A Local Market en Route to Huayllacocha

A Local Market en Route to Huayllacocha

Pencil Shopping for the Children

Pencil Shopping for the Children

It is always lovely to leave the city and find yourself in the country.  Erlin showed us around his village, which was probably home to about 2000 locals, mostly farmers.  All the structures are extremely simply made with dried blocks of mud and straw with thatched roots.  There was no cement anywhere in the village, all the floors were packed mud, and the only furniture in side was a simple table. Benches were made out of the mud, and a few more chairs were overturned buckets.  There was no running water inside, and the cooking stove was simple clay.  The only indication of modern living was one bare lightbulb hanging in the ceilng.

As we were walking around, Garret took a turn at the plowing with a farmer, and I helped a woman do some hoeing in her plot.  It was hard work, so then it was time for some play.  Garret played futbol with lots of the guys, while I chatted the entire time with an inquisitive local about life in America.  Considering that Spanish is a second language for both of us, we did pretty well!  He wanted to know how much a car costs in the USA, how many children people have, and if most people have enough food to eat, among many other questions.

Garret Works in the FieldsThis is Way Harder Than it Looks!

Garret Works in the Fields

Harder than it looks

Harder than it looks

When it was well past dark, the futbol game finally had to end, and we went back to our hostess’ home for dinner.  I was a bit nervous about the whole meal thing, even though I had told the agency three times that we were vegetarian (which you must specify here means no meat, no chicken, no fish; otherwise “vegetarian” usually means just not beef).  I had imagined myself being served an entire cuy and wondering how I would get out of that awkward situation (guinea pig is not a pet in the Andes, it is a very sustainable food source and every kitchen has a population of them running around.  They love the warmth of the kitchen and won’t leave, even though they will inevitably be roasted in the clay oven).  However, when dinner was served it was a delicious soup with vegetables, potatoes and local cheese.  The guinea pigs had a few more hours of safety!

After dinner, there was singing, music and dancing.  It was too dark to take any pictures, but imagine about 15 of us in a room about 8 ft. by 15 ft, sipping fresh manzanilla tea (or the other local beverage of choice) clapping and watching one couple at a time dance in the middle of the room, listening to song after song in Qhechua.  Apparently like most music, their songs are about love lost and found.  Two of the guys there would end up being porters for our trip the next day, and one of them insisted that I dance with him. Garret also was dragged onto the “dance floor” with la duena, the woman whose home we were staying in.
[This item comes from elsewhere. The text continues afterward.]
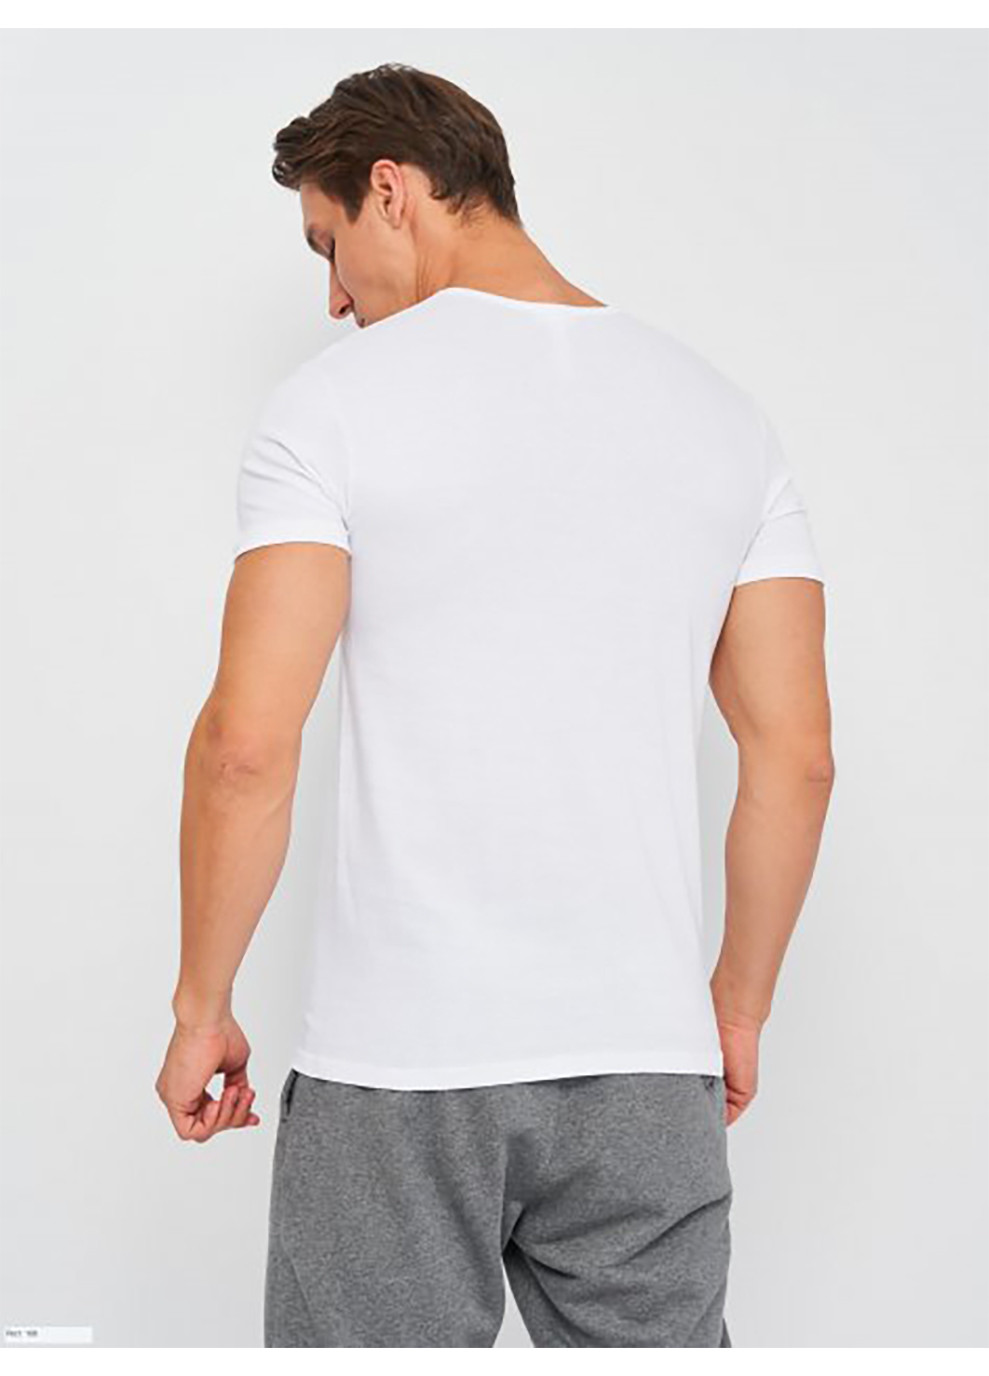 Біла футболка t-shirt mezza manica scollo v білий 2xl чоловік k1315 bianco-2xl Kappa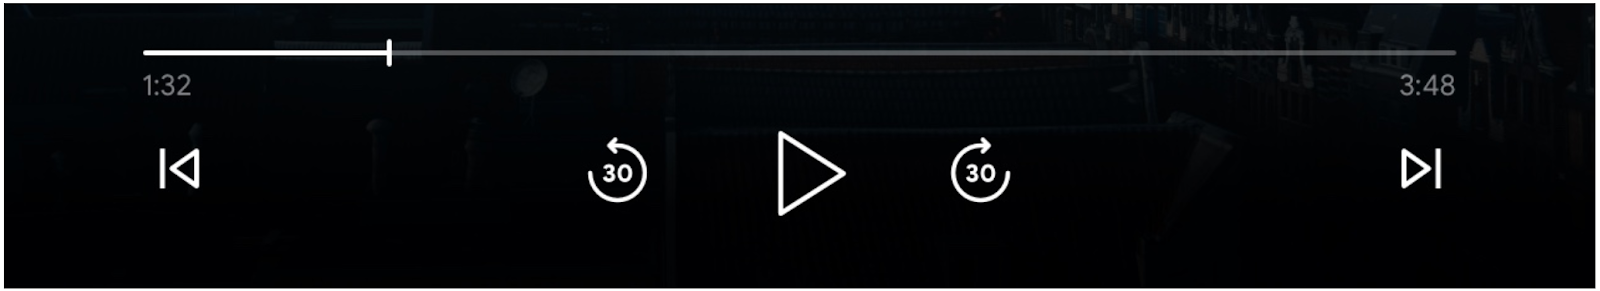 メディア プレーヤー コントロールの画像: 進行状況バー、再生ボタン、前へスキップボタン、後方にスキップ、ボタン、前へキューに入れる、ボタンを有効にする

In the morning we enjoyed a local breakfast which included plain boiled potatoes, a porridge cereal (made from ground corn, lima beans and a few other grains), roasted corn kernals (think very large cornnuts), a vegetable juice (mostly very sweetened lima beans) and… unfortunately… cuy.  Some felt a little guilty as they tried the new meat, mostly because of the two or three dozen that were running around the kitchen eating their morning grass and playing.  But it is a very long standing tradition in the mountains, and a food used for celebrating important occasions (birthdays, weddings, funerals, and company).  Luckily for me, there were lots of other food choices, and I was able to carbo-load quite nicely for our first day of hiking the Inca Trail, which we started mid-morning.